Writers write. And writing is the absolute best way to become a better writer. Period.
But writers are obsessive. Sometimes we get so involved in a project we forget about the other aspects of writing, the ones that don't involve pen and paper.
Here's a quick refresher.
1. Be Observant
Be that person who notices everything. Eavesdrop on conversations. People-watch. Pay attention as you navigate daily life. Finding something to write about should never be a problem. There are ideas everywhere, if you're looking for them.
It's the details that make writing—the small pieces of imagery, the perfect comparisons. Those things don't come from thin air. You notice them. You notice the way snapping twigs feel under your boot, and later, when you're writing, you'll be able to pull that out and compare it to snapping bones. Or whatever you do—the way skin feels to the touch, the smell of meat on the grill. You have to notice the small things. If not, you will have no details, no imagery to draw on, and the world of your writing will be flat.
I know that reading technically has something to do with writing, but it's just too important for me to leave out. You cannot become a better writer without reading. It's impossible. It's like trying to paint without brushes. You have the paint. You might get something on the canvas, but it won't look like art.
Read everything you can find. Good books, bad books, textbooks, instruction manuals. Everything. Bonus points if you read with a pen in hand, taking notes in the margins. Notice what works and what doesn't. What makes you feel something, and what falls flat? What would you change?
Every writer begins by emulating the styles of others (hopefully others who know what they're doing). If you never read, you have no base, nothing to grow from.
I am a firm believer that running can teach you invaluable lessons about writing.
Go for a long run—whatever's long for you, a mile, ten miles. It's just like writing a long piece. You start out strong, excited, with long deer-like steps. Then you start to slow down and settle into your pace. About halfway through, you might get bored. Your mind wanders, and you have to pull yourself back to the present.
That is free mental training, my friend. It toughens you up, gives you a simple ultimatum: quit or finish.

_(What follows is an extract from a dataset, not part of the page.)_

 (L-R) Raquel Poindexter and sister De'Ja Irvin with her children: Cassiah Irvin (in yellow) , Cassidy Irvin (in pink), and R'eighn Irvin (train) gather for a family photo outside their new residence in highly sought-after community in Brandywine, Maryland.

What you choose to do during your run is likely what you will choose during your writing project. Will you quit when "writer's block" sets in, when putting down words feels like slugging through mud? Or will you fight through it and get your story on paper?

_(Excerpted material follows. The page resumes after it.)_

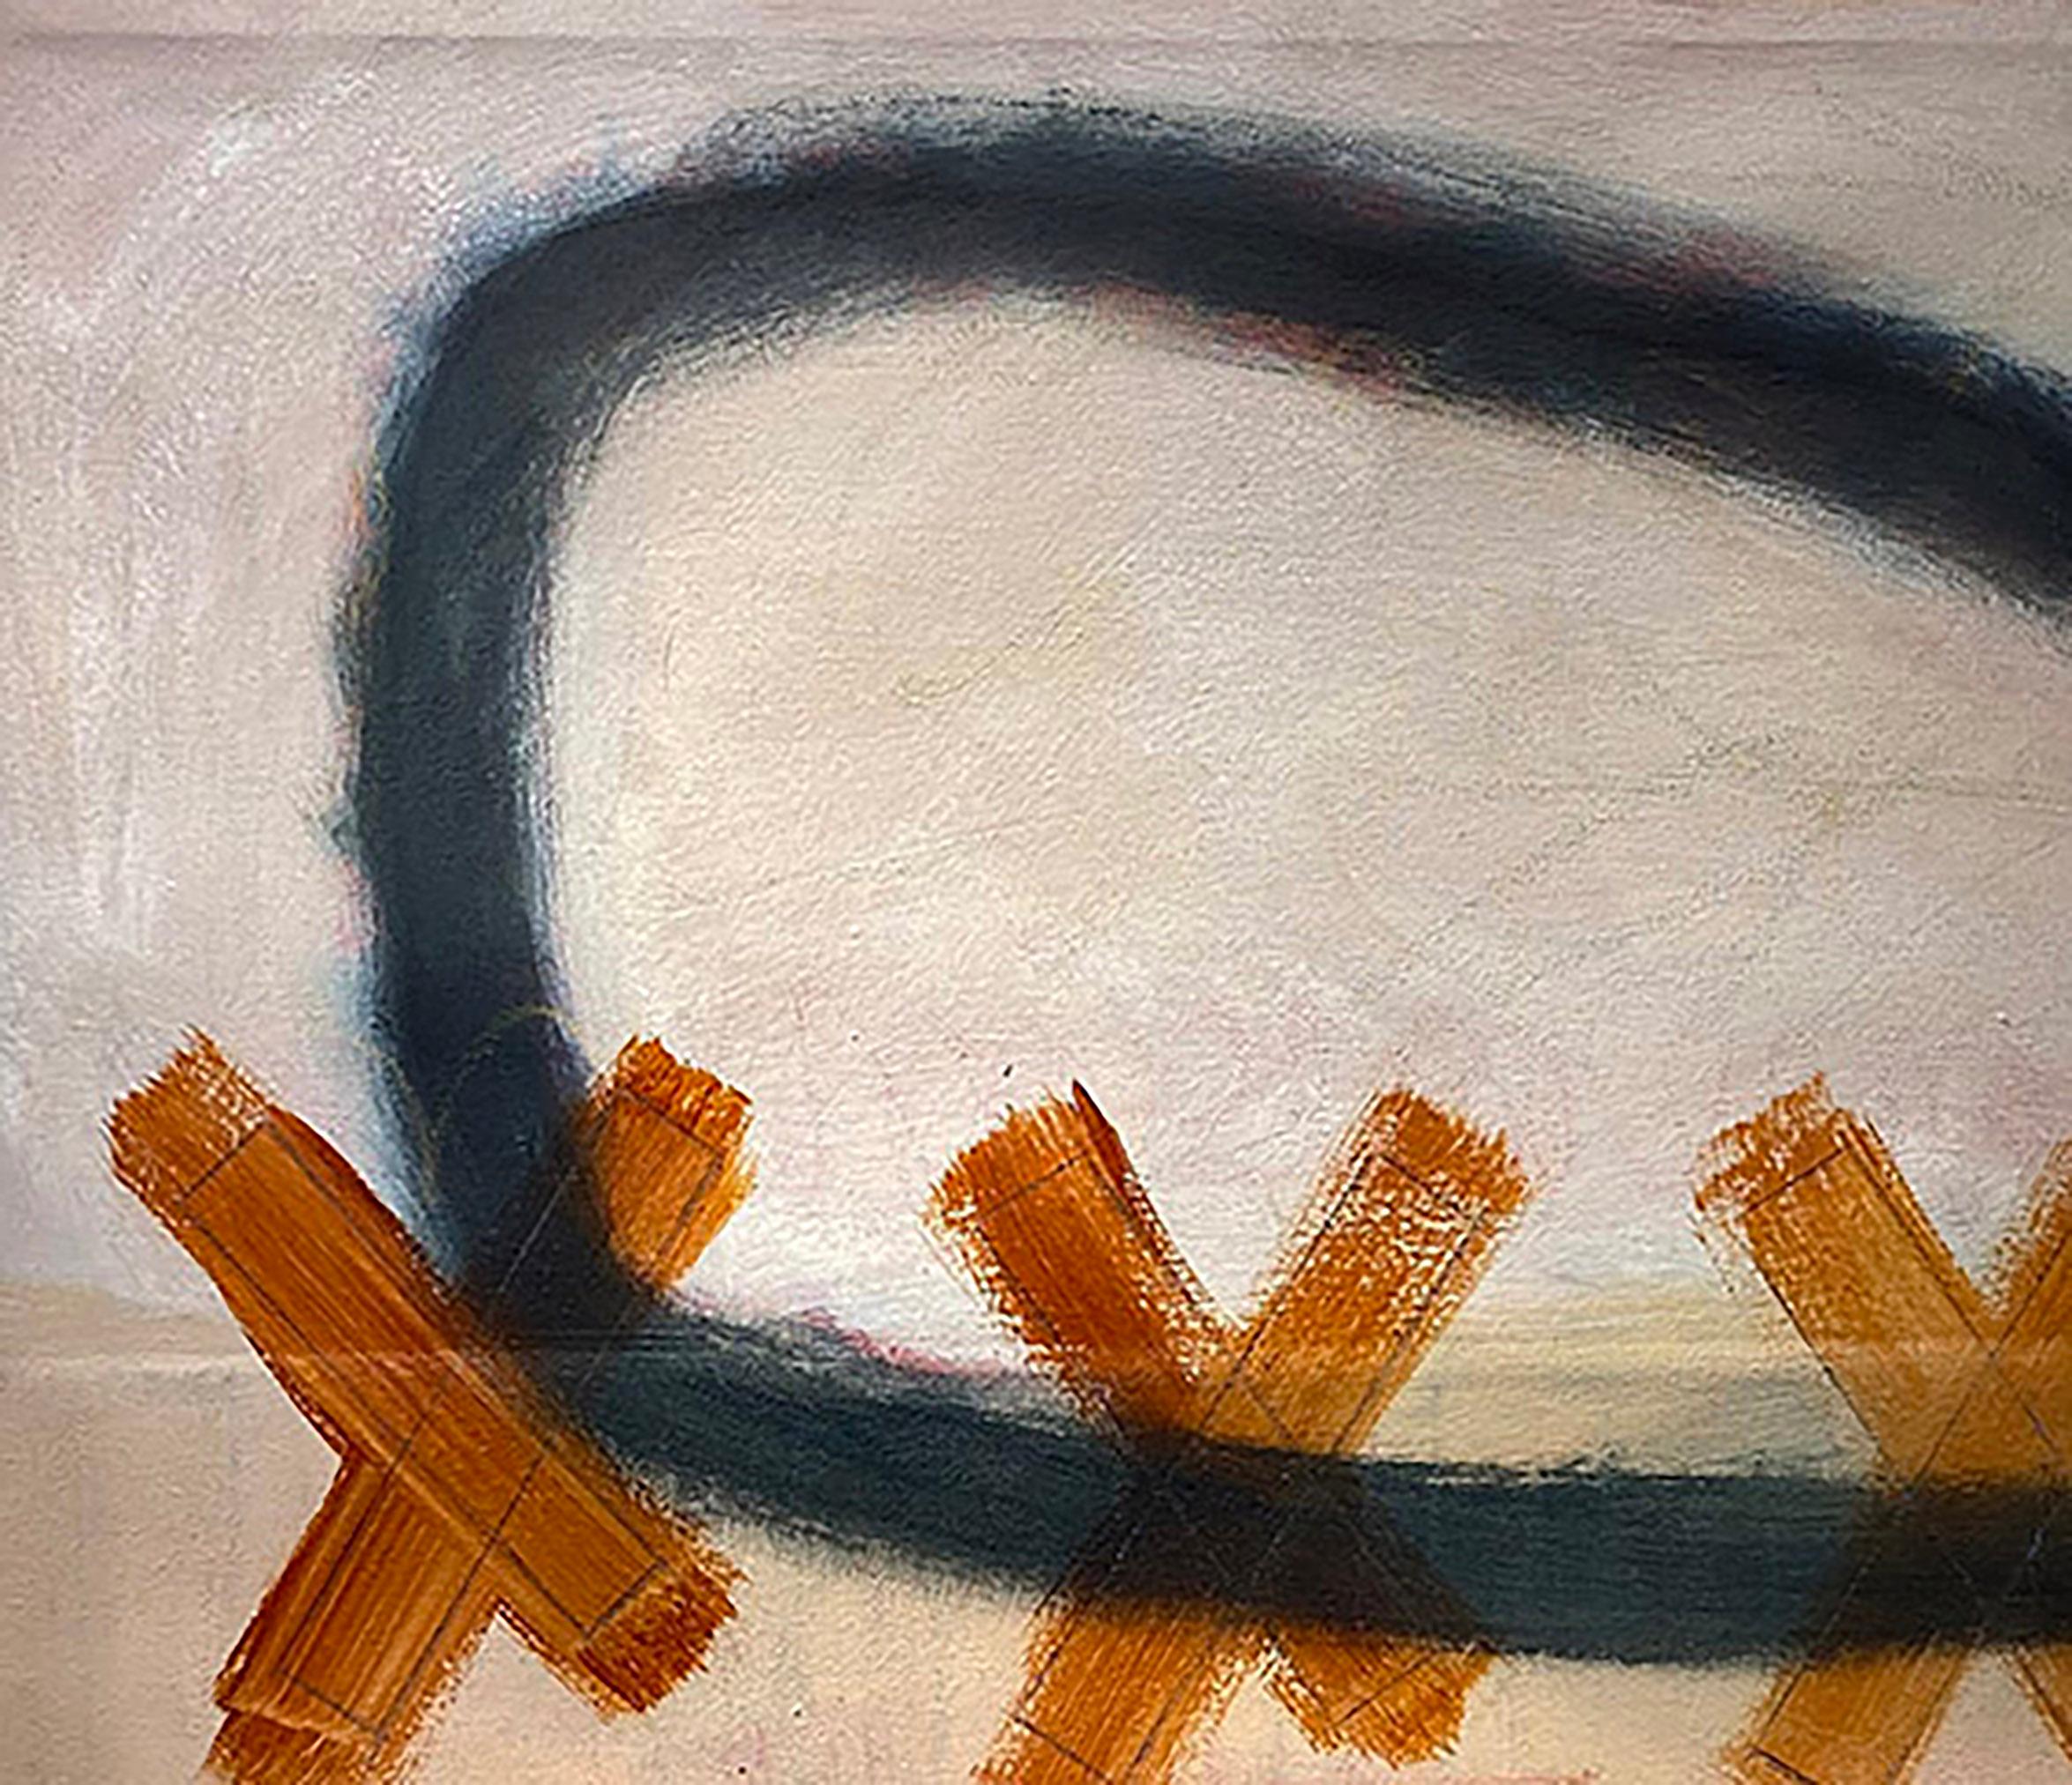 Ted Dixon is a Black painter working primarily in abstraction. He writes:

Near the end of your run, it will hurt. Your legs will be on fire, and there will be needles in your side. Then, it will happen—the magical second wind. The more times you run, the more confident you will be that this second burst of energy will appear in your body, and the more you write, the surer you will be that even when inspiration starts to wane, it will reappear, stronger than ever.
Remember when your teachers called you out during class—when you were staring into space instead of listening to the lecture on cell structure? You were actually practicing to become a writer.
When it comes down to it, writers are storytellers, using words to transmit to others the thoughts and visions floating around their imaginations. So daydream, fantasize, and stretch those imaginative muscles so that when you sit down to write, they're already warmed up and ready to go.
Wonder about things. A story starts with a, What if...? What if a bunch of boys were stranded on an island? What if an entire town was trapped under an invisible dome? A writer's job is to flesh out these questions, but first you have to ask them. Watch people you pass on the street. Wonder where they're going, where they've been. Wonder what kind of family they have, what kind of problems—and what would happen if they encountered someone or something else.
Then write it down.
5. Talk to People
Writers write about people. Yes, there are dogs and planes and ghosts in stories, but they're not what people care about. People care about people.
How they sound, what they do, how they feel. So when you talk to people, listen. It's easy to fall into the tendency of nodding along and waiting for your turn to speak. But really making an effort to listen to what people are saying—whether it's your mom or the cashier at the grocery store—will give you insights to draw on in your writing. Pay attention to body language. Remember what people do when they're angry or when they're lying (reminds me of a great article on writing liars). Being around people and noticing what they do will give you a better idea of how to write them.
Which brings me to...
6. Don't Shut Yourself Away
Writing is a solitary activity, I know. Many of us are introverts, and being around other people is exhausting. You don't have to go to the raging party. You don't even have to interact with others—sometimes just people-watching at the mall or the park is enough.
It's important to remember that without life, there is nothing to write about. Go outside every now and then. Talk to the real people. Get inspired. There is no muse who will magically grant you ideas; you have to go find them.
Writing is the best way to become a better writer, but the best writers are writing all the time. They're writing in their minds, where no one can see. They're tasting words every second because every second is an opportunity for a new idea, a new character, a new story.
Don't waste it.
What do you do (besides writing) to hone your skills?